For some reason, I would assume that if you have connection, it is faster than 2G these days.
The question isn't really the minimal bandwidth of the PHY rate it's about the goodput for a given reliability. Regardless of your radio there will always be some point where someone is at the edge of a connection and goodput is less than minimal PHY bandwidth. The call then turns choppy/into a time stretched robot you get every other syllable from. The less data you need to transmit + the more FEC you can fit in the goodput then the better that situation becomes.
Not to mention "just because I have some minimal baseline of $x kbps doesn't mean I want $y to use all of it the entire time I'm on a call if it doesn't have to".
Are there really many situations where a 10kbps connection would actually be stable enough to be usable? Usually when you get these kinds of speeds it means the underlying connection is well and truly compromised, and any kind of real-time audio would fail anyway because you're drowning in a sea of packet loss and retransmissions.
Even in cases where you do get a stable 10kbps connection from upstream, how are you going to manage getting any usable traffic through it when everything nowadays wastes bandwidth and competes with you (just look at any iOS device's background network activity - and that's before running any apps which usually embed dozens of malicious SDKs all competing for bandwidth)?
Yes; backhaul connections in telephony applications are often very stable and are already capacity managed by tuning codec bandwidth. Say you are carrying 1000 calls with uLaw (64kbps * 1000) over a pair of links and one fails. Do you A) carry 500 calls on the remaining link B) stuff all calls onto the same link and drop 50% of the packets or C) Change to a 32kbps codec?
It seems you may be imaging the failure case where your "ISP is slow" or something like that due to congestion or packet loss -- as I posted elsewhere in the thread the bandwidth is only one aspect of how a "low bitrate" codec may be expected to perform in a real world application. How such a codec degrades when faced with bit errors or even further reduced channel capacity is often more important in the real application. These issues are normally solved with things like FEC which can be incorporated as part of the codec design itself or incorporated as part of the modem/encoding/modulation of the underlying transport.
Yes; but what is your point? A congested network like you describe isnt ever going to reliably carry realtime communications anyway due to latency and jitter. All you could reasonably due to 'punch through' that situation is to use dirty tricks to give your client more than its fair share of network resources.
6kbps is 10x less data to transfer than 64kbps, so for all the async aspects of Messenger or WhatsApp there is still enormous benefit to smaller data.
> Are there really many situations where a 10kbps connection would actually be stable enough to be usable?
Yes there are. We ran on stable low bandwidth connections for a very long time before we had stable high bandwidth connections. A large part of the underdeveloped world has very low bandwidth, and use 5 - 10 Kbps voice channels.

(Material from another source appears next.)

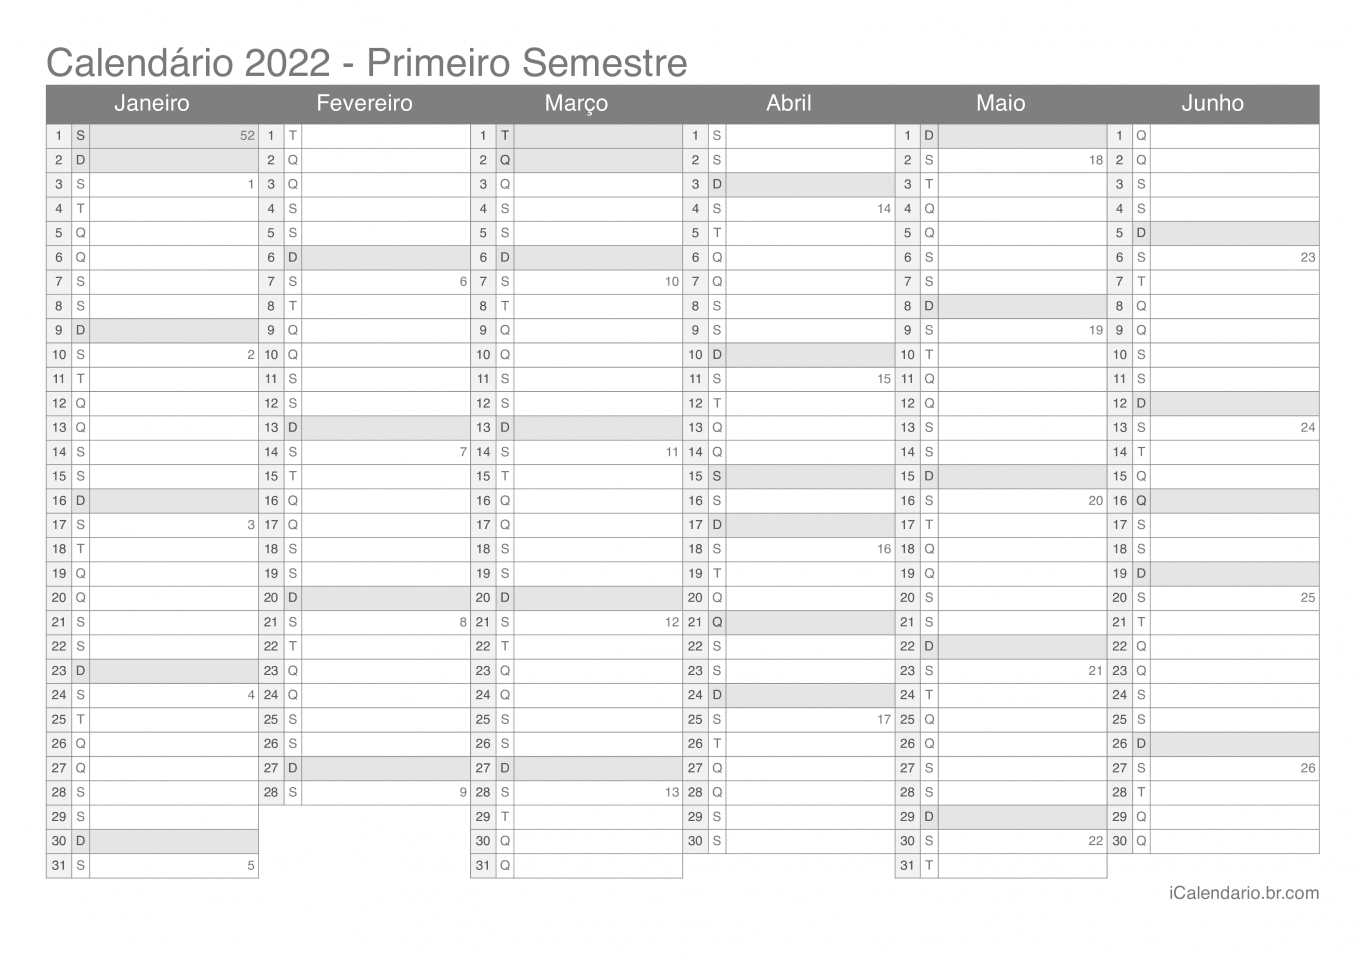 Calendário por semestre com números da semana 2022
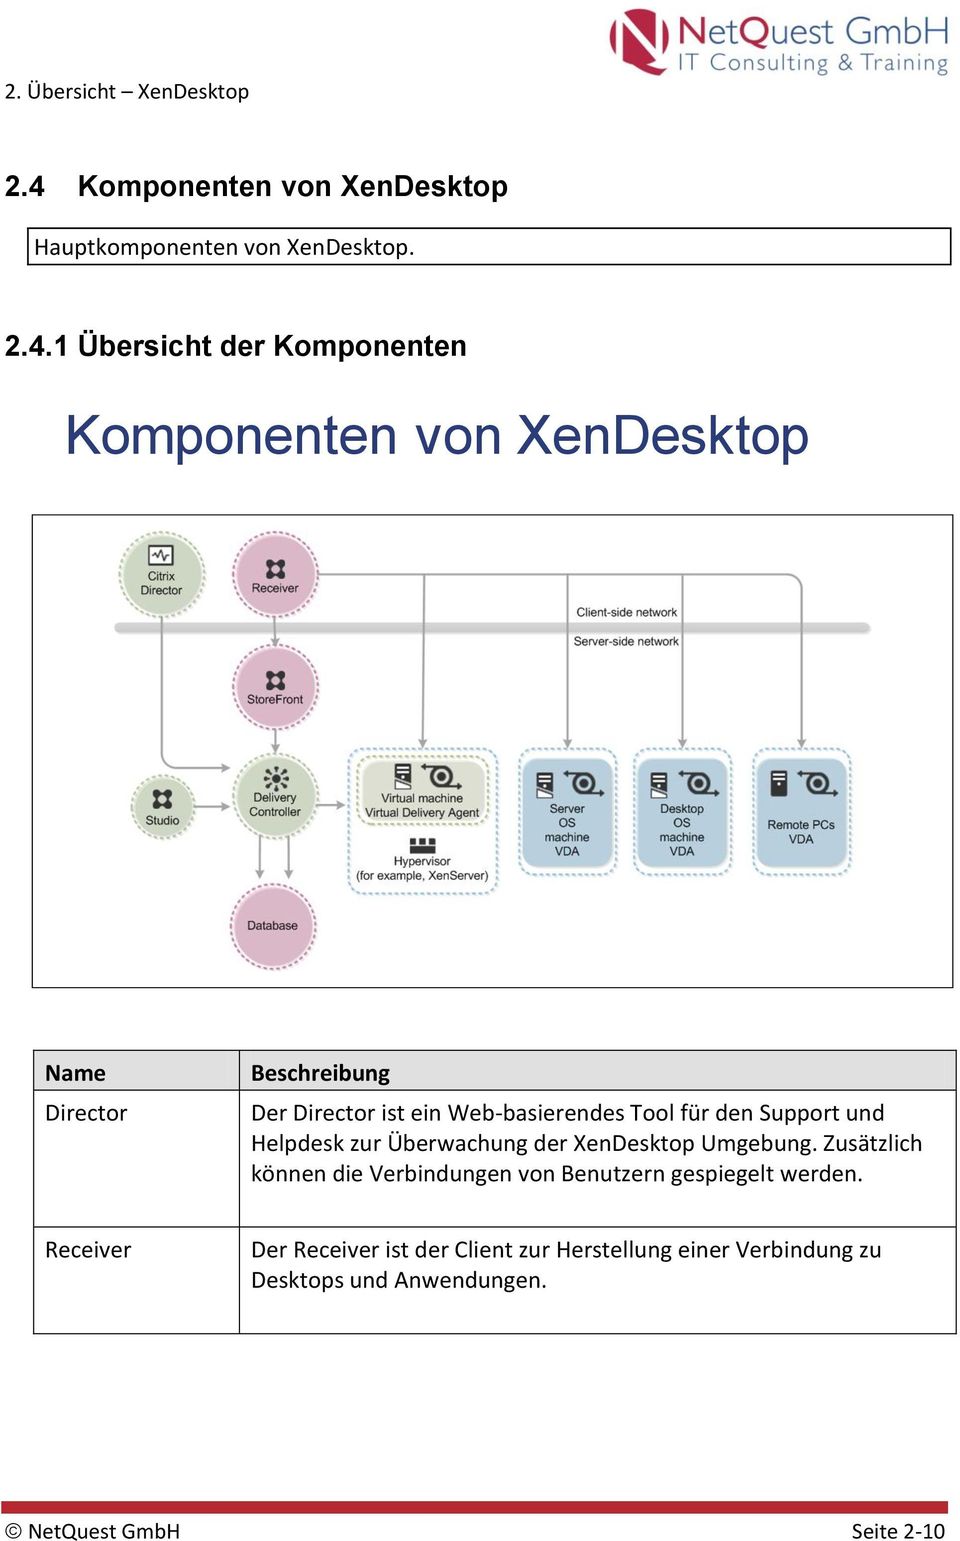 Überwachung der XenDesktop Umgebung. Zusätzlich können die Verbindungen von Benutzern gespiegelt werden.

Are you talking about the general "we" or your situation in particular? For the former, yes sure we started with dial-up, then DSL, etc, but back then software was built with these limitations in mind.
Constant background traffic for "product improvement" purposes would be completely unthinkable 20 years ago; now it's the norm. All this crap (and associated TLS handshakes) quickly adds up if all you've got is kilobits per second.
I assume the general-ish “we”, where it is general to the likes of you and I (and that zeroxfe). There are likely many in the world stuck at the end of connections run over tech that this “general subset” would consider archaic, and that zeroxfe was implying their connections, while slow, may be similarly stable to ours back then.
Also, a low bandwidth stable connection could be one of many multiplexed through a higher bandwidth stable connection.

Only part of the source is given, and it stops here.